6. The method for training a gasoline hydrogen content prediction model according to any one of claims 1 to 2, characterized in that, The initial model was constructed based on the GBDT model.
7. A method for predicting the hydrogen content of gasoline, characterized in that, include: Determine the raw material properties and operating parameters corresponding to the gasoline to be predicted; The raw material property parameters and operating parameters corresponding to the gasoline to be predicted are input into the gasoline hydrogen content prediction model to obtain the hydrogen content prediction result output by the gasoline hydrogen content prediction model. The gasoline hydrogen content prediction model is obtained by training based on the gasoline hydrogen content prediction model training method as described in any one of claims 1 to 6.
8. A training device for a gasoline hydrogen content prediction model, characterized in that, include: The parameter selection unit is used to determine the key parameters affecting the hydrogen content of gasoline from the data warehouse; The key parameters include the feedstock properties of gasoline and the operating parameters of the catalytic cracking unit; The label determination unit is used to determine the gasoline hydrogen content corresponding to the key parameter based on the gasoline density and gasoline final boiling point corresponding to the key parameter; The model training unit is used to train the initial model based on the key parameters and the corresponding gasoline hydrogen content to obtain a gasoline hydrogen content prediction model. The gasoline hydrogen content corresponding to the key parameters is determined based on a linear model, which is: y=27.726-0.001923a-0.06412b; Where y represents the gasoline hydrogen content corresponding to the key parameter, a represents the gasoline density corresponding to the key parameter, and b represents the gasoline final boiling point corresponding to the key parameter. The linear model is used to characterize the linear relationship between hydrogen content and gasoline density and gasoline final boiling point.
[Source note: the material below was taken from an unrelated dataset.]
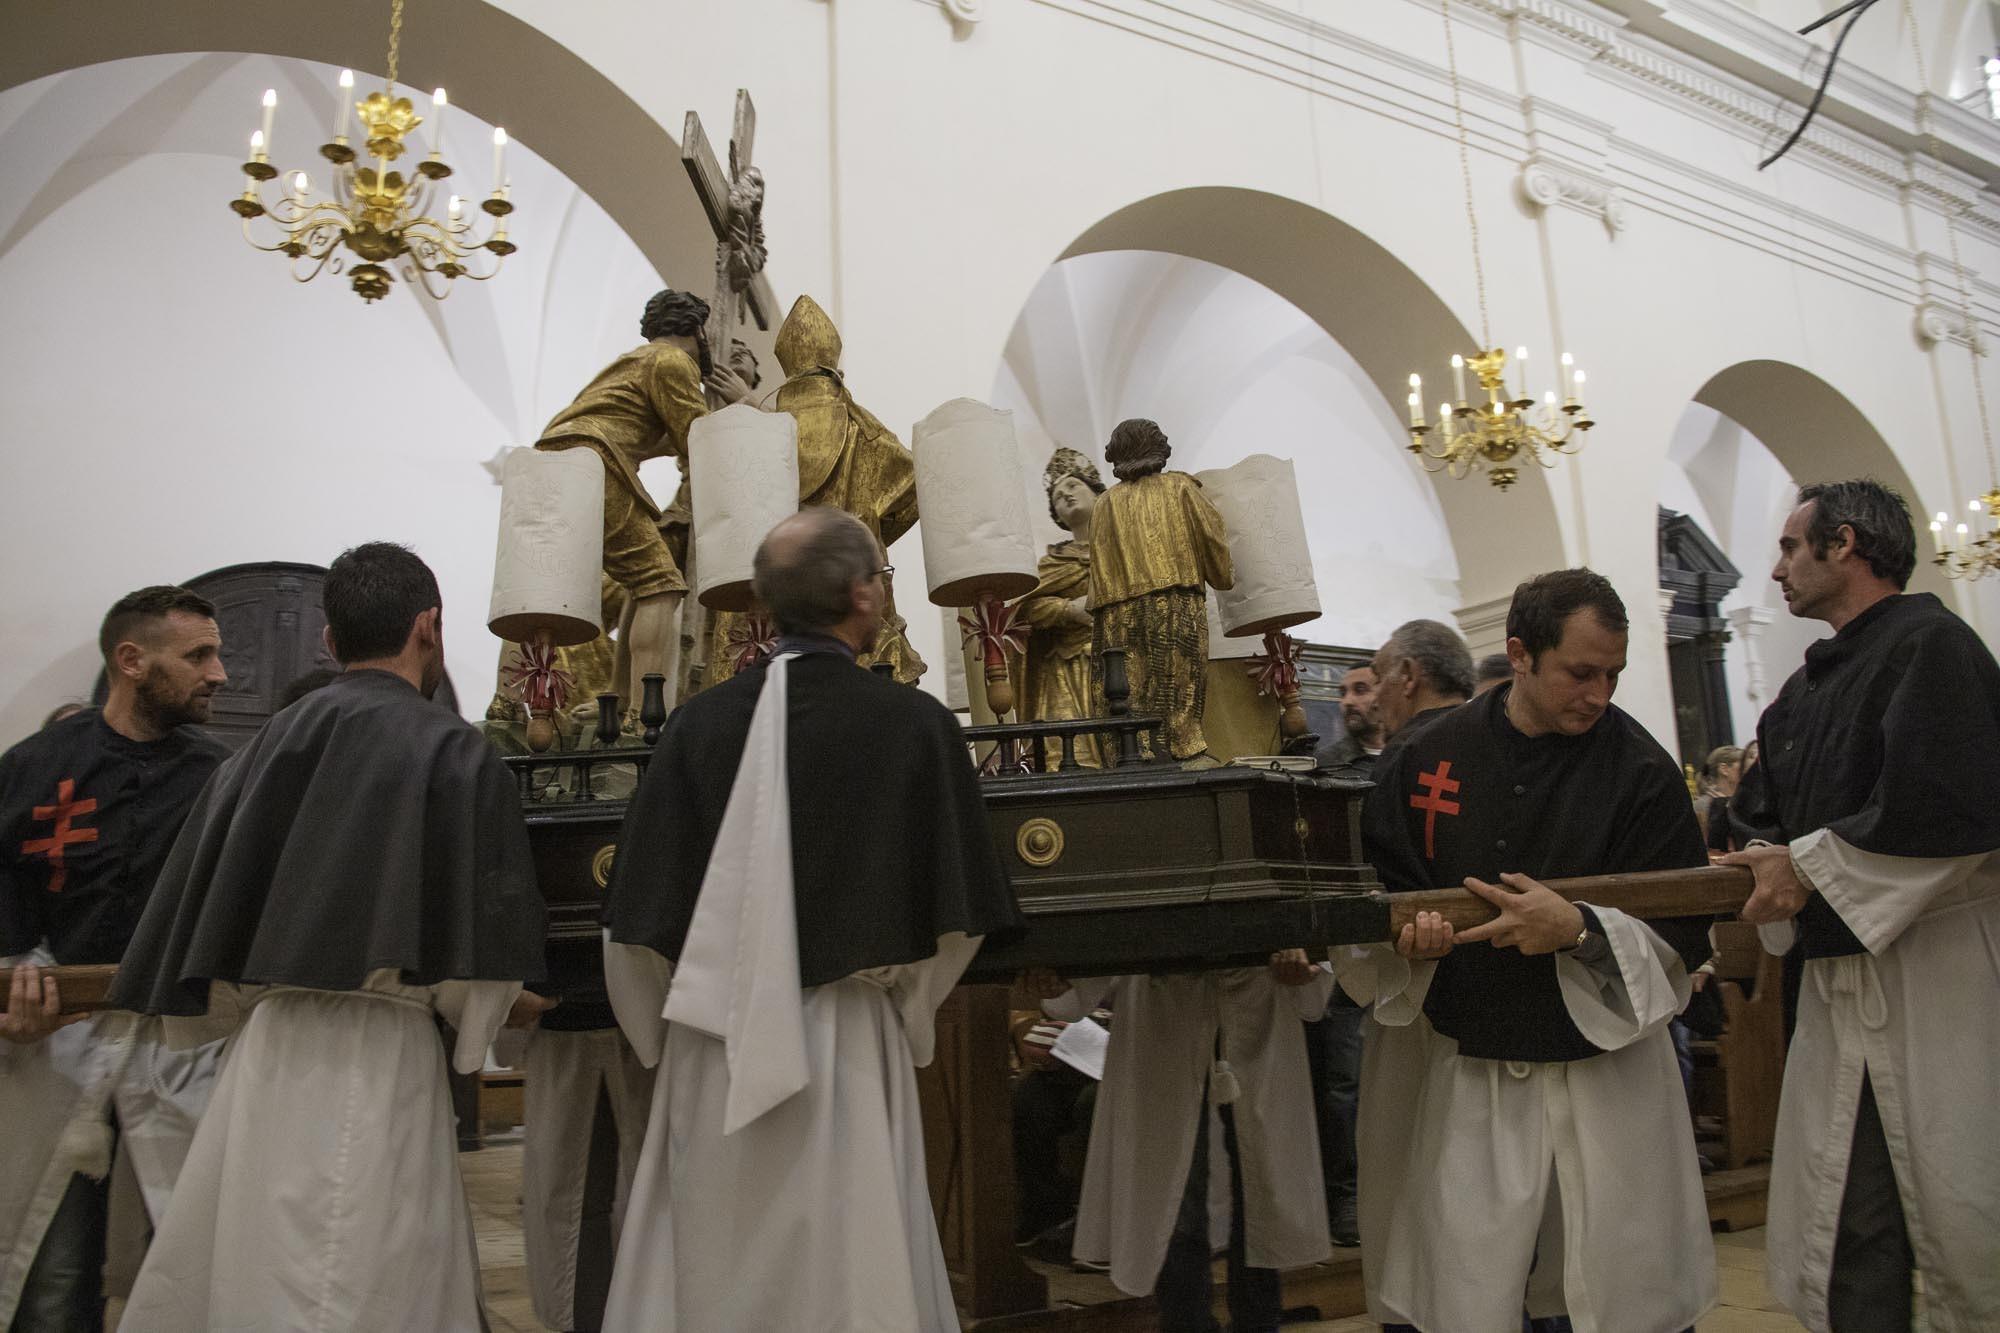 Baldacchino Processionale

9. A gasoline hydrogen content prediction device, characterized in that, include: The parameter determination unit is used to determine the raw material property parameters and operating parameters corresponding to the gasoline to be predicted; The hydrogen content prediction unit is used to input the raw material property parameters and operating parameters corresponding to the gasoline to be predicted into the gasoline hydrogen content prediction model, and obtain the hydrogen content prediction result output by the gasoline hydrogen content prediction model. The gasoline hydrogen content prediction model is obtained by training based on the gasoline hydrogen content prediction model training method as described in any one of claims 1 to 6.